Belknap v. Hunt

PER CURIAM.

The appellant, Belknap, brought suit in m-amdamm against the appellees, constituting the state land department and the state land commissioner, to compel them to enter into a contract of sale to him of 29.5 acres of school land, the same being a part of section 16, situate in Maricopa county. The complaint shows that both the land and improvements had been appraised as provided by law, and that the appellant, at a public sale of the land, had bidden it in at the appraised value; and that appellees refused to execute the contract of sale and issue the certificate of purchase until and unless appellant would pay to the state a *149balance of rent for the use and occupation of the land during the interim from the date of admission to statehood, February 14, 1912, to the date the land was struck off to appellant, August 19, 1916. '

Judgment refusing the writ was entered in the superior court of Maricopa county on May 7, 1917.

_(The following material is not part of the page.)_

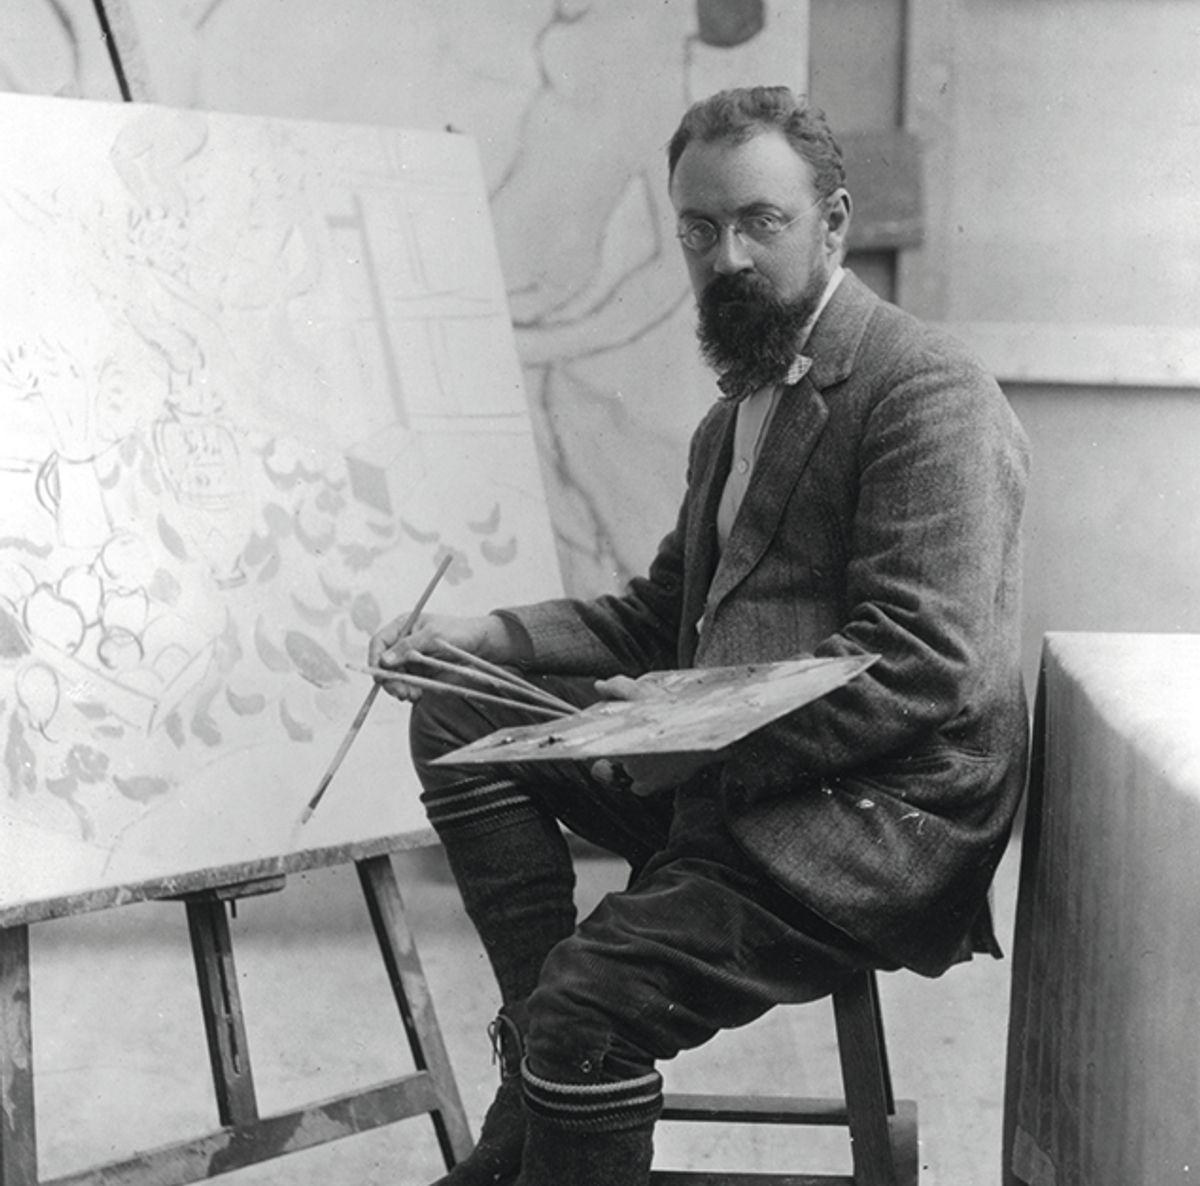 French artist #HenriMatisse died from a heart attack #onthisday in 1954. 🎨 #painter #sculptor #printmaker #draughtsman #art #drawing #painting #collage #Fauvism #Modernism #trivia #PostImpressionism

It has come to our knowledge that appellant, on July 17, 1917, paid the rental demanded of him by appellees and received the certificate of purchase. In other words, he settled the question of rent by paying it and received his contract of purchase. Of course, this court would not issue ■a mandate to appellees commanding them to do what has already been done. The litigation having been settled, there is nothing left for this court to decide. Appellate jurisdiction is dependent upon an actual controversy. If the parties, pending an appeal, compromise and settle their differences, there is nothing left for the judgment to operate upon and the court, when advised of the situation, will not do the futile thing of determining what the litigants have already settled. 3 C. J. 357, §112; Mills v. Green, 159 U. S. 651, 653, 40 L. Ed. 293, 16 Sup. Ct. Rep. 132.

The attorneys for the parties have declined to take action toward a dismissal of the appeal because of an oral stipulation entered into prior to the payment of the rental in question. The Attorney General’s office, as attorney for appellees, stipulated orally that, in ease the appellant should pay the rent in question under protest, no advantage would be taken in this appeal because of such payment so made. We can see no good reason why this court in this particular case and special circumstances should not regard the counsel’s said stipulation in the same light as counsel regard it, and treat the said stipulation as having the same force and effect as a written stipulation containing the same facts and conditions filed in this case. So treated, the fact conclusively appears therefrom, that all matters of controversy in this appeal between the parties have been settled, and, if any differences exist, such differences have arisen since the appeal by reason of the said payment under protest. Mandamus is not a remedy by which money, paid under protest, in the circumstances here present, can be recovered.

The appeal is dismissed, with costs taxed against appellant.